Five tips for writing a book introduction

When you buy a novel, you’re paying for a story. That’s why storytellers drop you right into the action. Never keep a customer waiting.

Nonfiction is different. Readers buy books to reap benefits — whether it’s to learn something or gain expertise. They want to go somewhere, and your introduction is the entrance ramp to their highway.

The next time you’re ready to write an intro, consider these five guidelines:

1. Create thirst, don’t slake it.
Feed them pretzels and point to the water.

2. Offer samples.
Delight your readers with a few surprises right up front and they’ll want more.

3. Keep it timeless.
If you’re rushing a book to market on an explosive event, go for the moment. But if your theme is timeless (e.g., prayer), resist the urge to anchor it in today’s news. Todays news is tomorrow’s old newspapers. Bring transcendence instead.

4. Skip the obvious, and never condescend.
Even if we’re unhappy with the way things are, we don’t need to be told we’re unhappy. We know that already. Show us some light. Walk us through the woods and reveal a scenic vista. And don’t assume we’re wringing our hands. Even concerned readers are seldom quaking in their boots. More often they’re exploring what others have to say. Always write to a reader more intelligent than yourself.

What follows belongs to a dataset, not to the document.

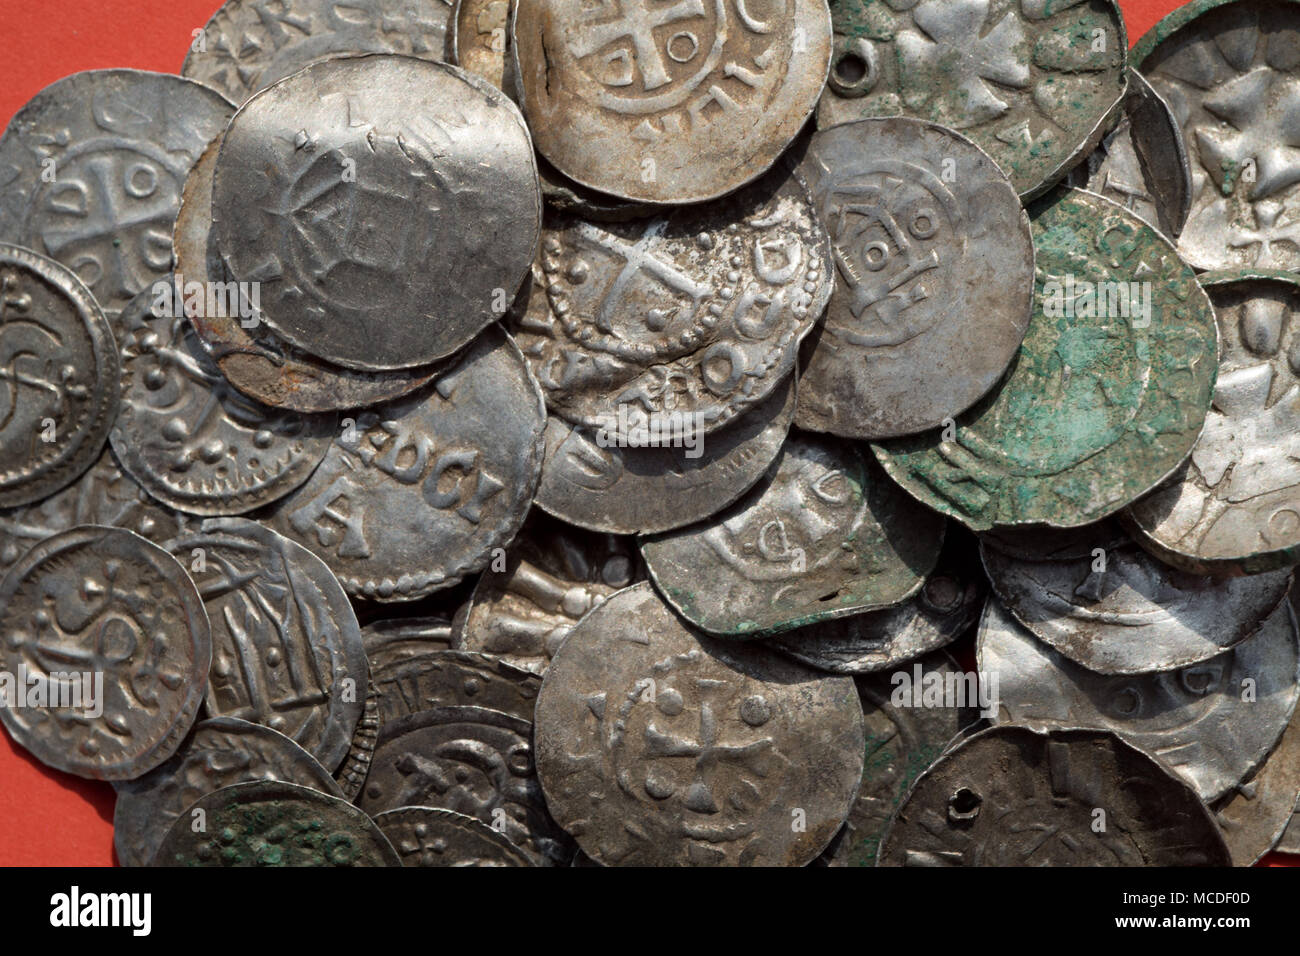 Te voet vijandigheid Optimaal 13 April 2018, Germany, Schaprode: An assortment of Saxon, Ottonian, Danish  and Byzantine coins, some of which were apparently used as pendants  (perforated with a hole) on a table. Archaeologists have discovered

That person wants to know what you think.

5. Make it personal without making it about you (unless it’s a memoir!).
Readers welcome a companion. Especially one who shares colorful or valuable experience. But they seldom tolerate egotism. Intros that are all about the author leave no room for the reader. Unless your story is what they paid to read. David Ogilvy’s Confessions of an Advertising Man begins with eleven paragraphs about himself. Here is one of them:

“My boyhood hero had been Lloyd George, and I had expected to become Prime Minister when I grew up. Instead, I became an advertising agent on Madison Avenue; the revenues of my nineteen clients are now greater than the revenue of Her Majesty’s Government.”

These two sentences — both about the author — so intrigued me I stayed with him through all eleven chapters that followed.

This isn’t a comprehensive list, but a nudge toward effective first impressions. Jerry Jenkins recently blogged about first lines. They’re worth every hour it takes to craft them. So are intros. Entice, amaze, whet, and compel. Guarantee a hearing. You’re making new friends, and you want them to stick around.